*** Opening GIVEN DATA ***

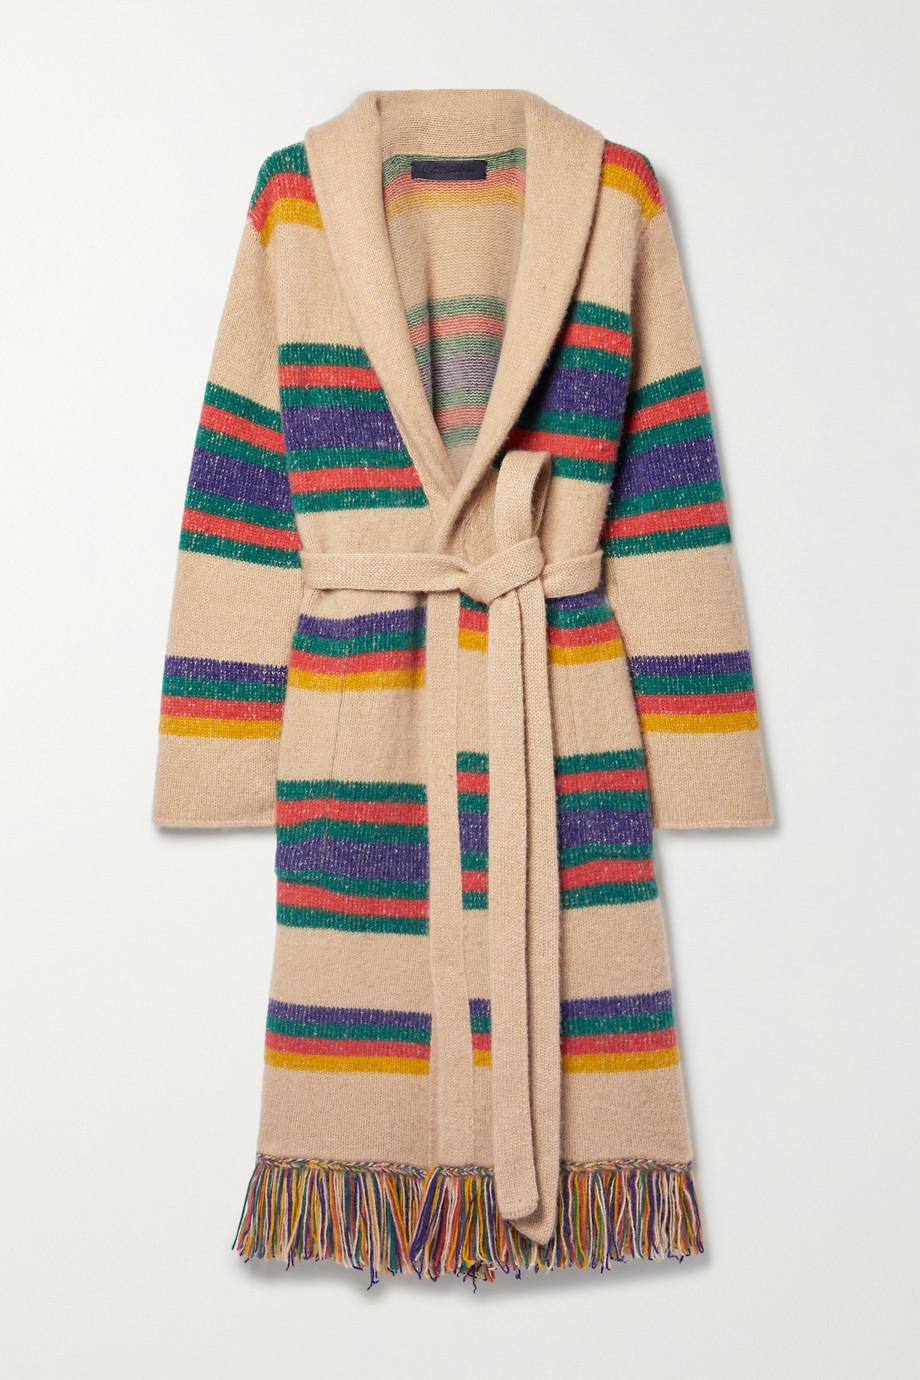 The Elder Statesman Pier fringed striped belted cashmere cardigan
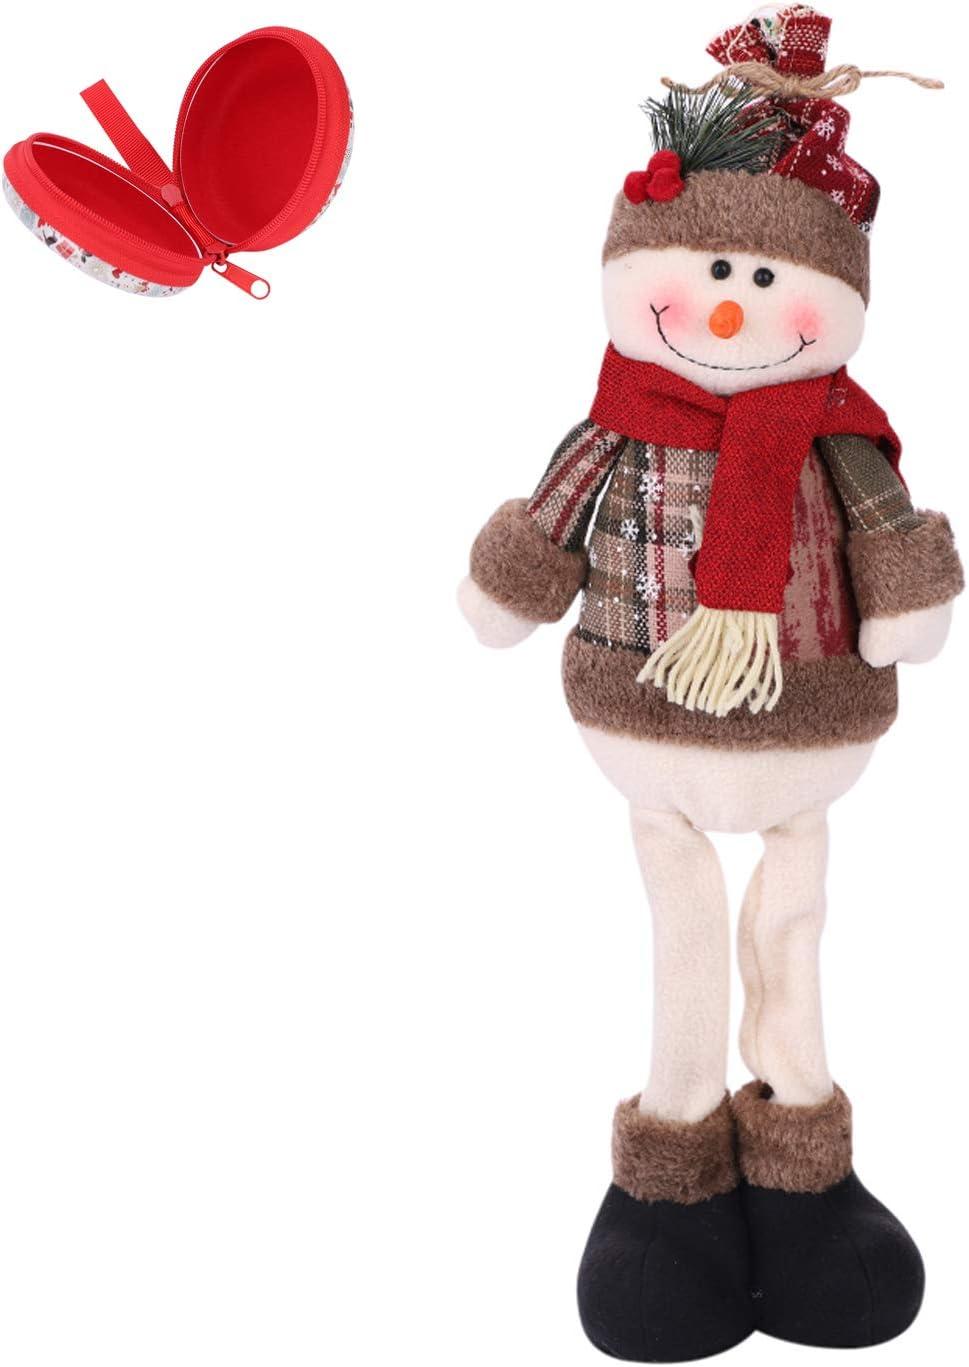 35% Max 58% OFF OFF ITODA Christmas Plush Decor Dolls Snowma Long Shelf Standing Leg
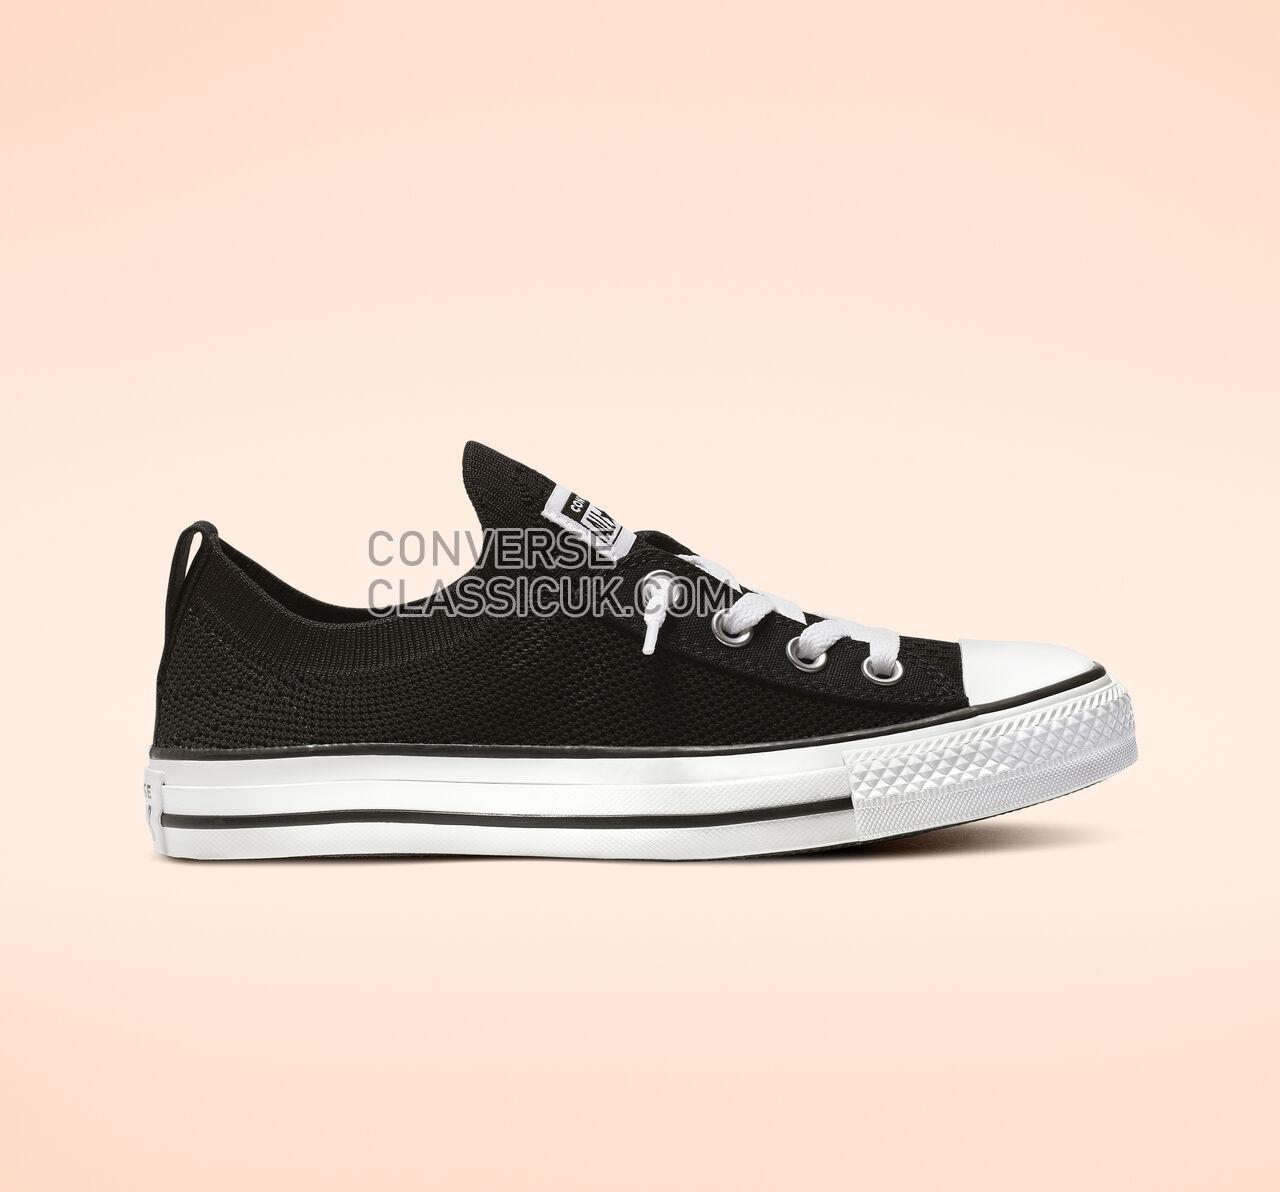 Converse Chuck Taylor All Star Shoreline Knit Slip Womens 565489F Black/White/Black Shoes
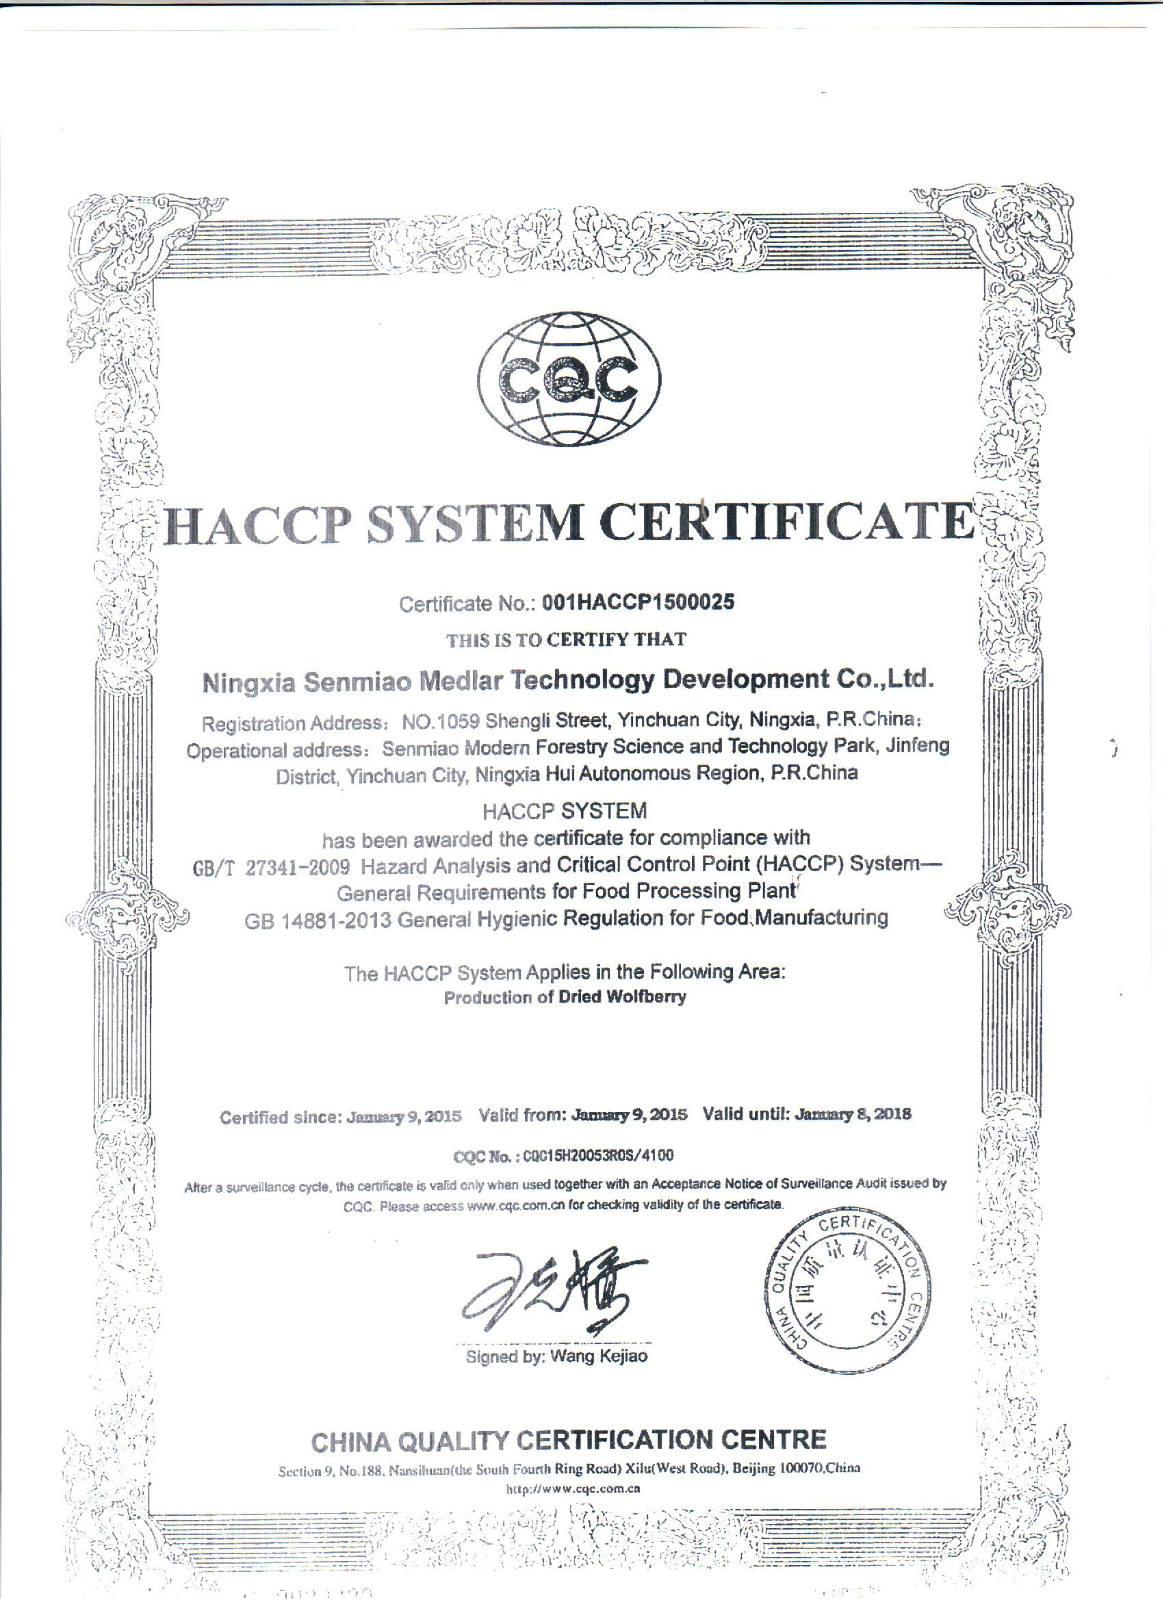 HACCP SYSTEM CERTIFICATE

*** Closing GIVEN DATA ***

WHAT THE TASK REQUIRES
Repeat the line that contains "Converse Chuck Taylor" and each line after it, through the last line of the listing, exactly and alone; pictures stay out of the repeat.

SOLUTION TO THE EXERCISE
 Converse Chuck Taylor All Star Shoreline Knit Slip Womens 565489F Black/White/Black Shoes
 HACCP SYSTEM CERTIFICATE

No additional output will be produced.